▶ [EXERCISE AIM] Once the line holding "2022 BMW X6" is found in the entries below, transcribe exactly every line up to and including the one holding "The idea of", but leave out the pictures.
*** Opening MATERIAL FOR THE TASK ***
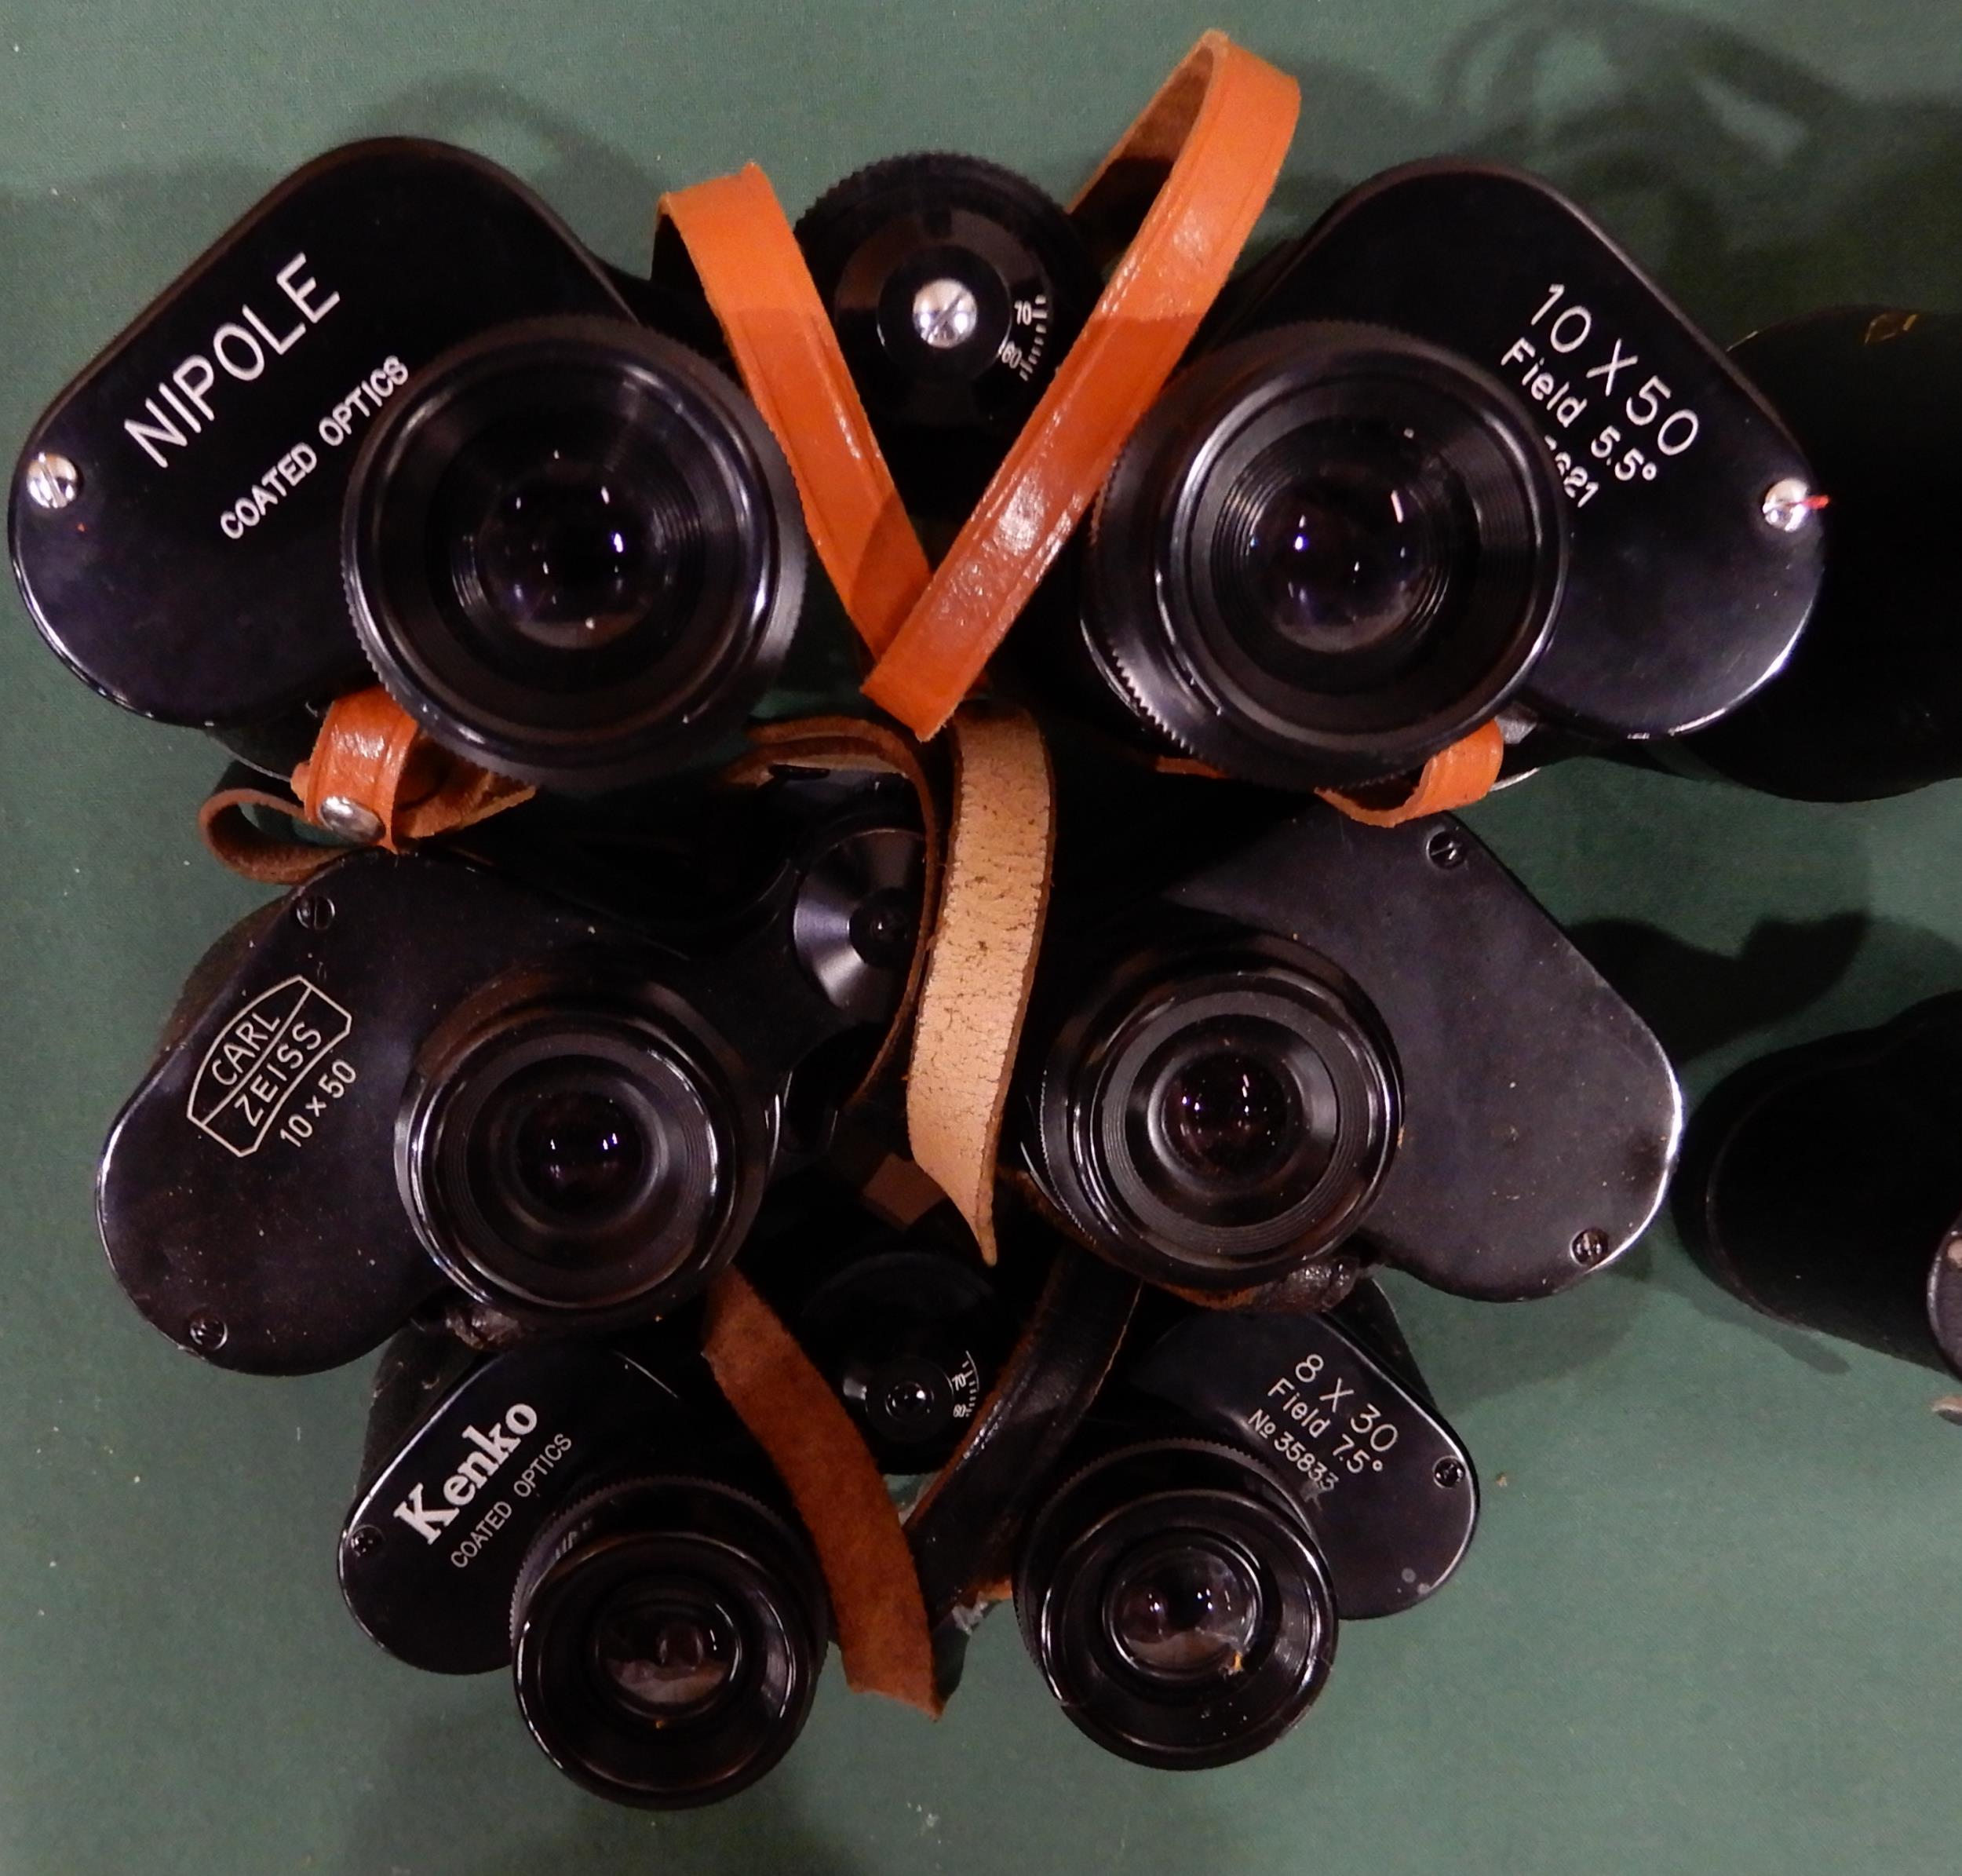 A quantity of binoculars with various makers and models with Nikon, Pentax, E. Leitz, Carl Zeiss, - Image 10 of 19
*** Closing MATERIAL FOR THE TASK ***
*** Opening MATERIAL FOR THE TASK ***
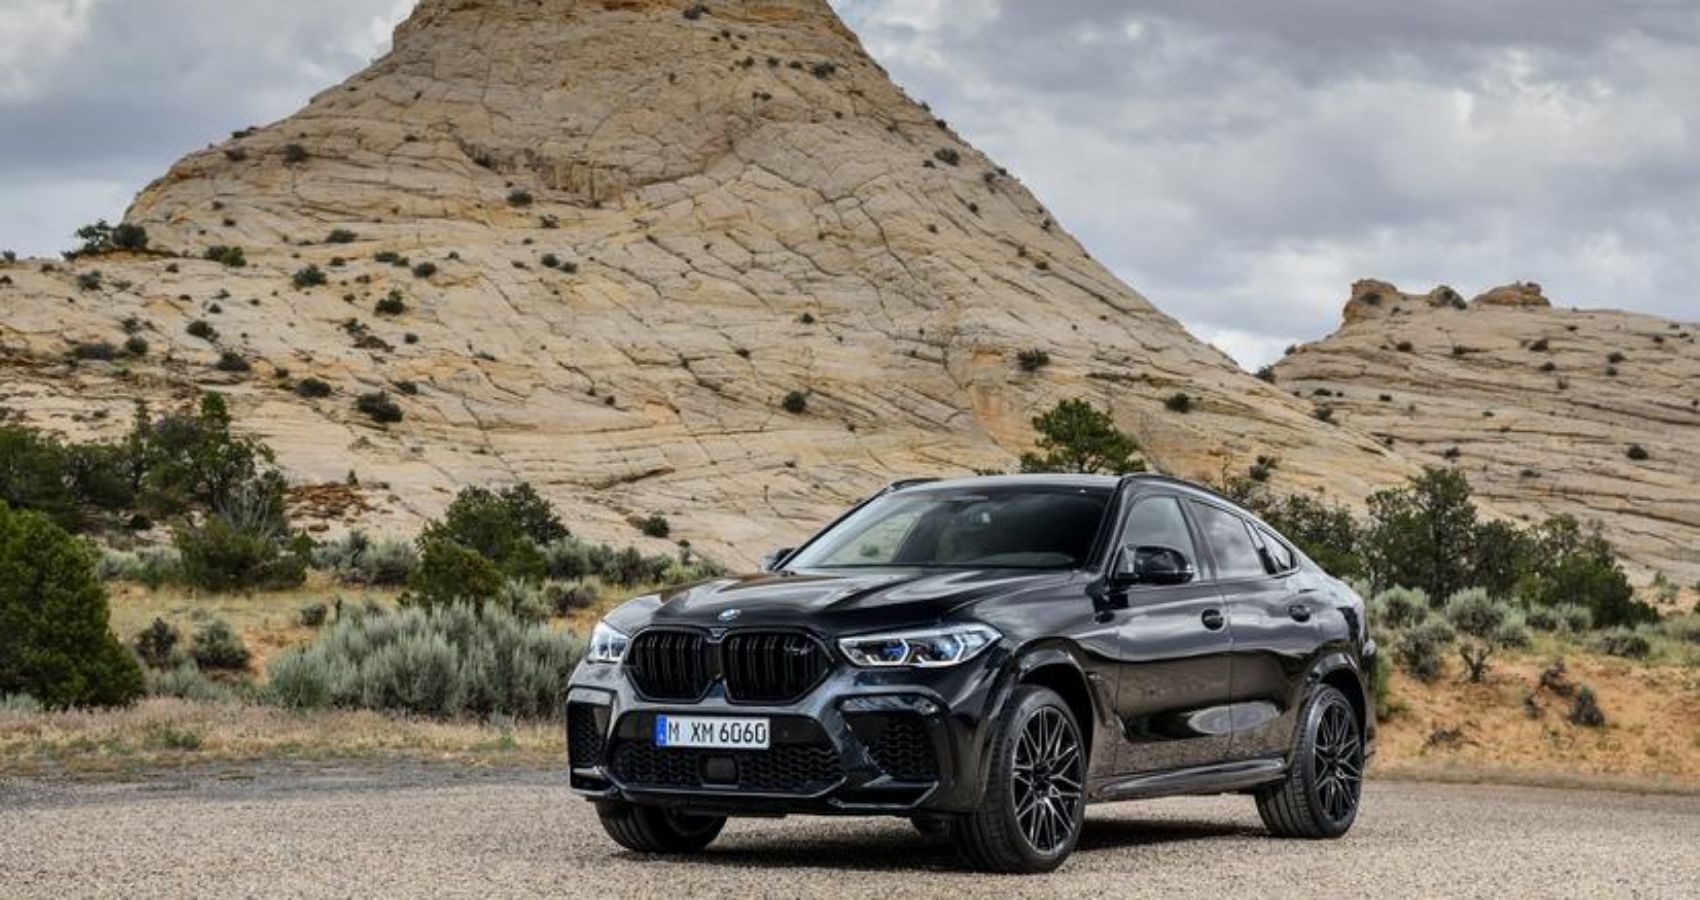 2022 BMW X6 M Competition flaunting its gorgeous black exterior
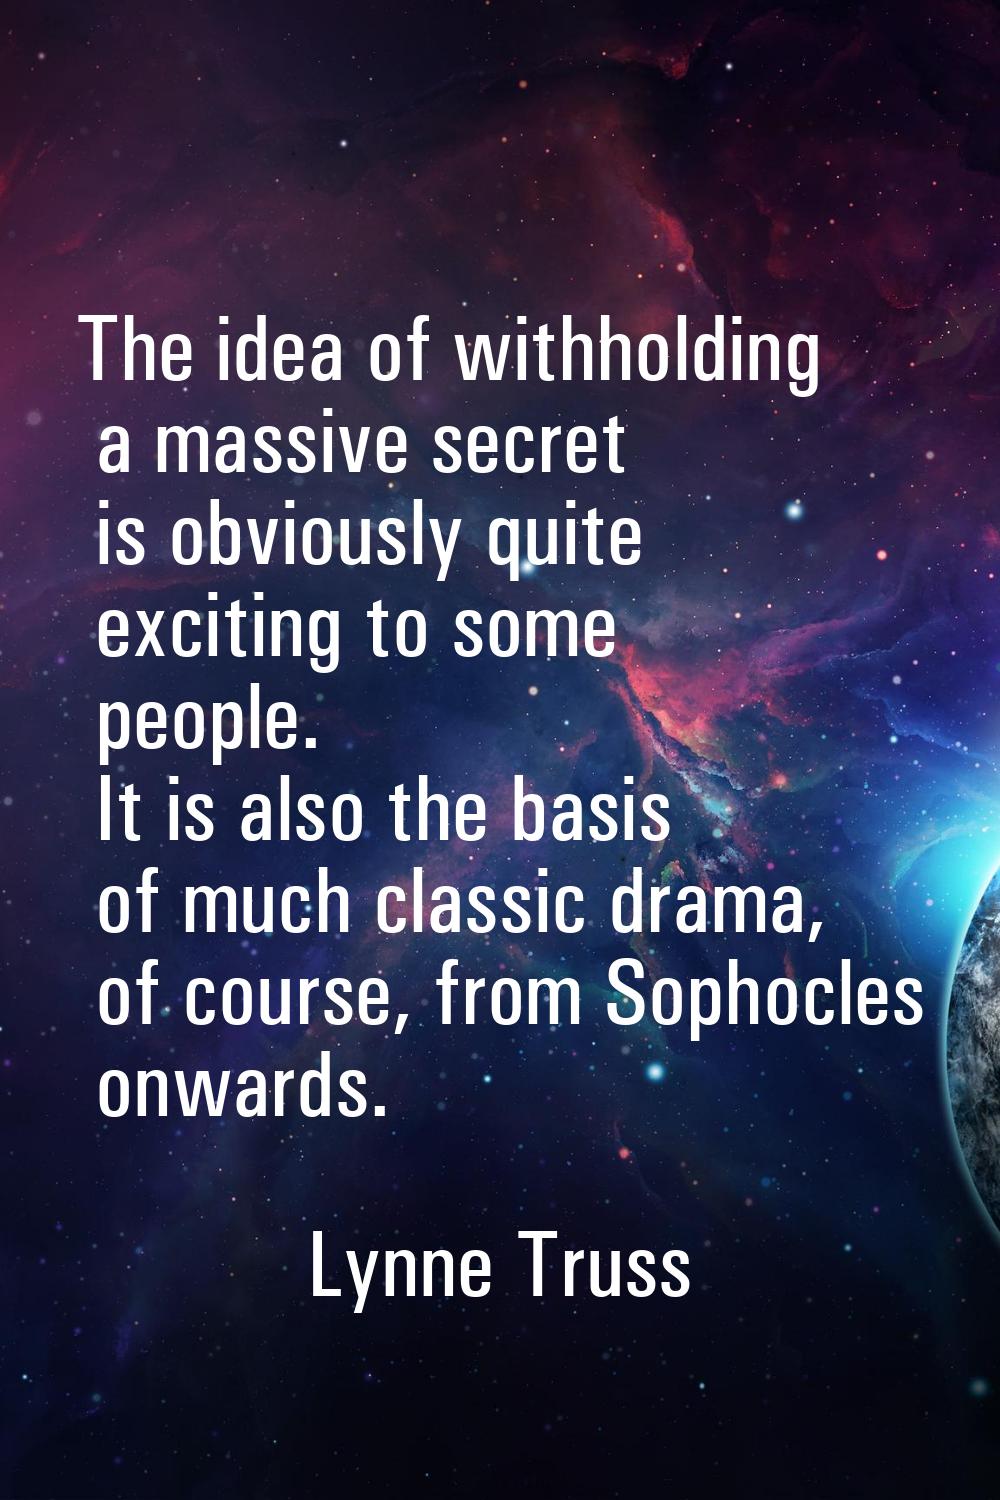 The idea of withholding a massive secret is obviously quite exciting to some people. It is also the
*** Closing MATERIAL FOR THE TASK ***
▶ [OUTPUT FOR THIS EXERCISE]
 2022 BMW X6 M Competition flaunting its gorgeous black exterior
 The idea of withholding a massive secret is obviously quite exciting to some people. It is also the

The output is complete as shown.